So I thought about inserting elements - as you can see, I cannot get .insert() to preserve the order. So I thought then about explicit assignment - and that works, but only if the list is sized beforehand; and to find the size, I still would have to go through an extra recursion, just to discover what the maximum index is.

Thus, I would like to insert at exact location (not "before" like .insert() does) of a list, but without explicitly sizing the list beforehand - is there any way that this can be achieved?

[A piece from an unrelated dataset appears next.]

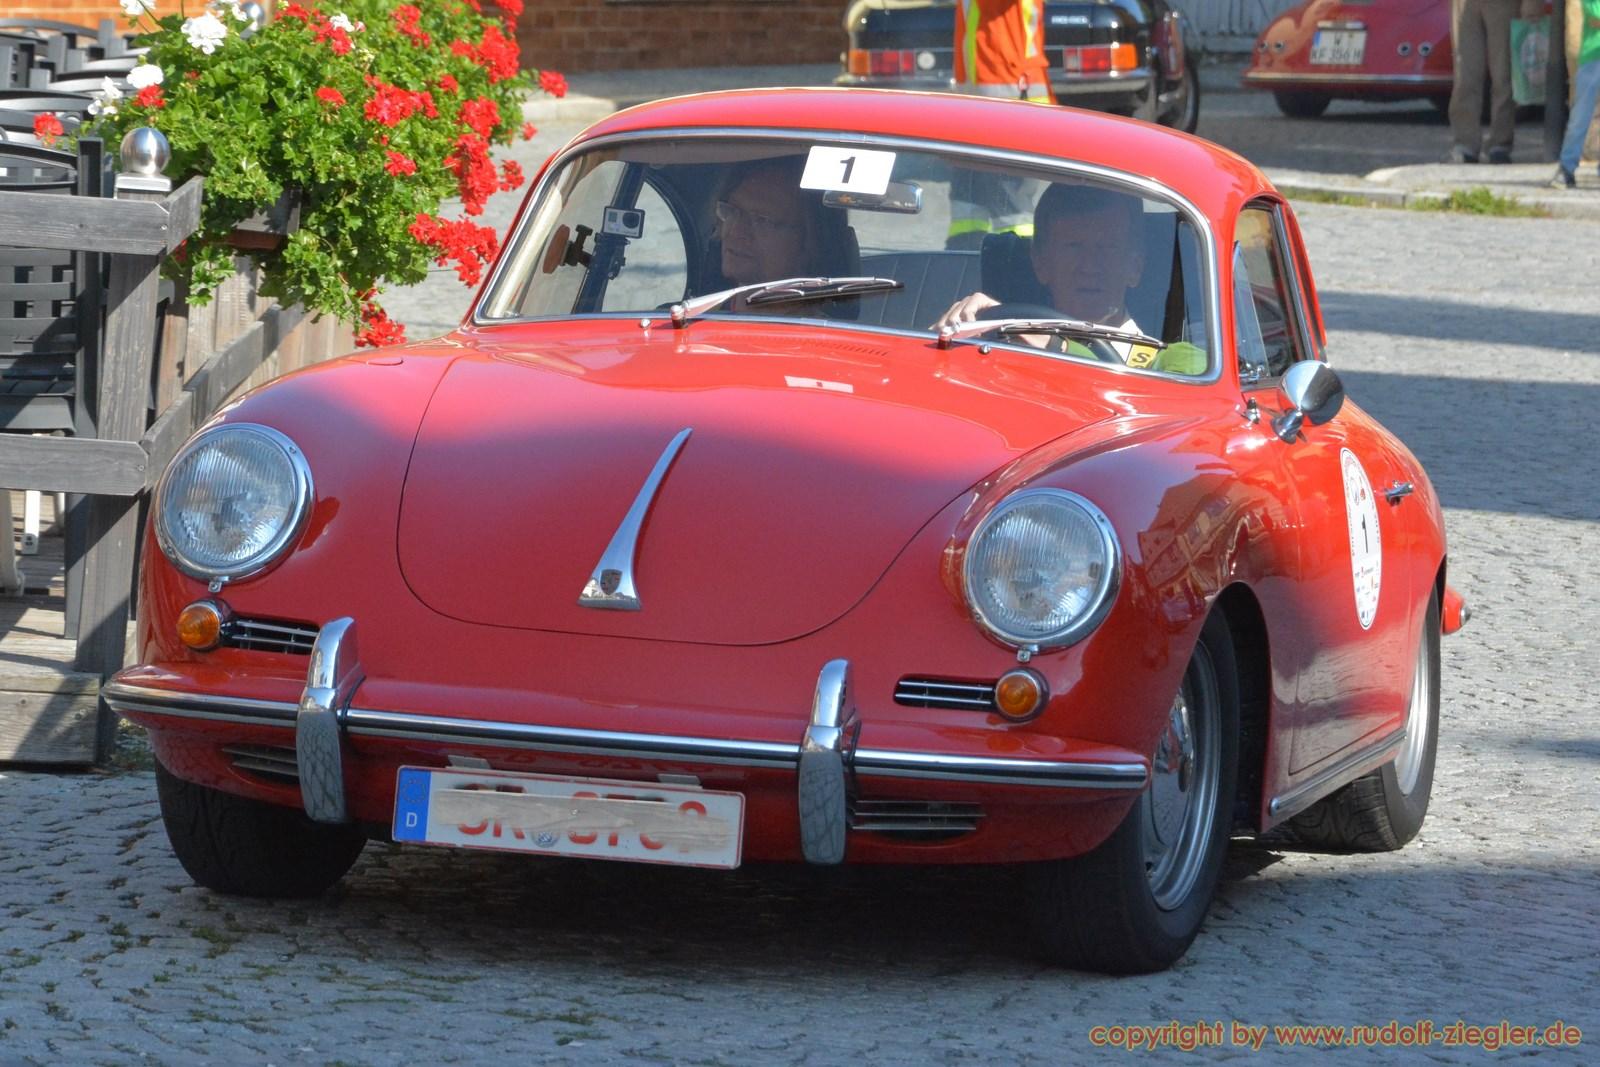 Porsche 356 - Thurnau 031-A [1600x1200]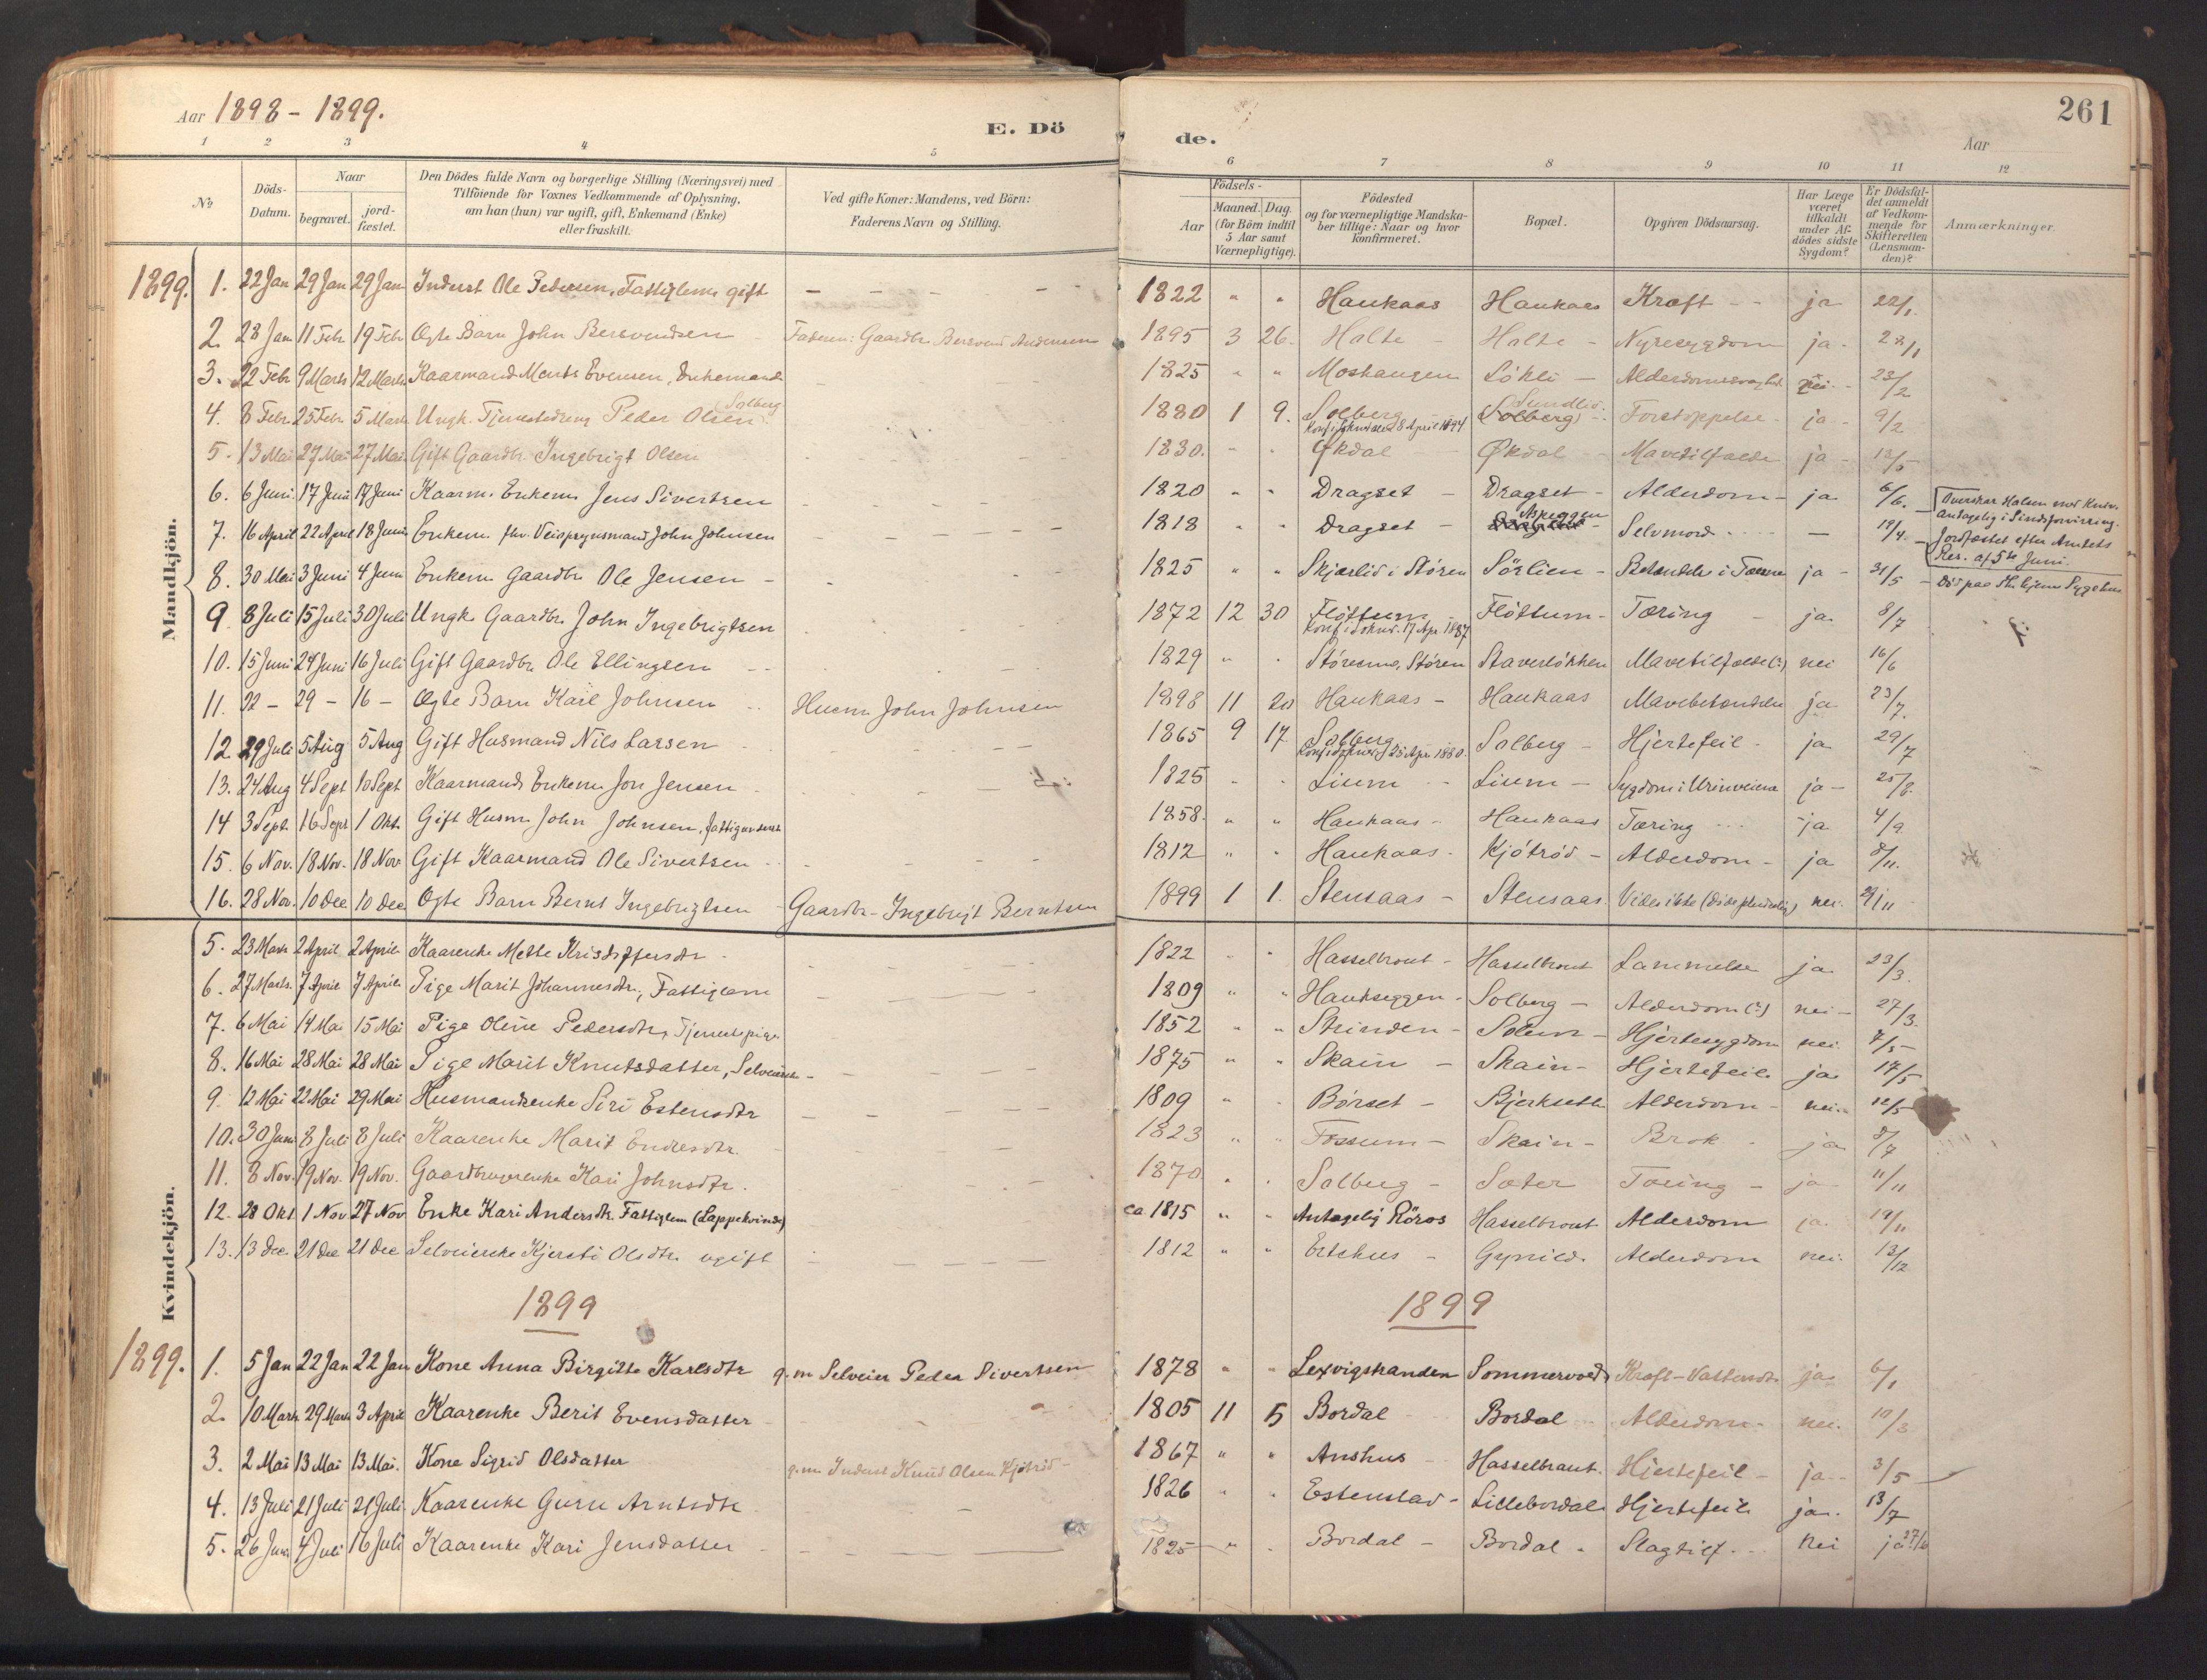 SAT, Ministerialprotokoller, klokkerbøker og fødselsregistre - Sør-Trøndelag, 689/L1041: Ministerialbok nr. 689A06, 1891-1923, s. 261

EDIT: Here is something more like my actual data, showing (hopefully) why it would be difficult to sort it:

data = ( ( "x1", ( (3, "a"), (1, "b"),  (5, "c") )  ), ( "x2", ( "x3", ( (2, "a"), (4, "b") ) )  ), ("x100", 1 ) )

outputA = []

for ix in data:
  #print "[0]", ix[0], "[1]", ix[1] # x1, x2, x100
  try:
    for isnip in ix[1]:
      #print "isnip", isnip[0], "-", isnip[1]
      if int(isnip[0]) == isnip[0]:
        outputA.append(isnip)
      else:
        raise Exception("not good")
  except:
    try:
      for isnip in ix[1][1]:
        #print "isnip", isnip[0], "-", isnip[1]
        if int(isnip[0]) == isnip[0]:
          outputA.append(isnip)
    except:
      #print "skipping this"
      pass

print outputA
# [(3, 'a'), (1, 'b'), (5, 'c'), (2, 'a'), (4, 'b')]

outputB = []

for ix in data:
  try:
    for isnip in ix[1]:
      if int(isnip[0]) == isnip[0]:
        outputB.insert(isnip[0]+1, isnip)
      else:
        raise Exception("not good")
  except:
    try:
      for isnip in ix[1][1]:
        #print "isnip", isnip[0], "-", isnip[1]
        if int(isnip[0]) == isnip[0]:
          outputB.insert(isnip[0]+1, isnip)
    except:
      #print "skipping this"
      pass

print outputB
# [(3, 'a'), (1, 'b'), (5, 'c'), (2, 'a'), (4, 'b')]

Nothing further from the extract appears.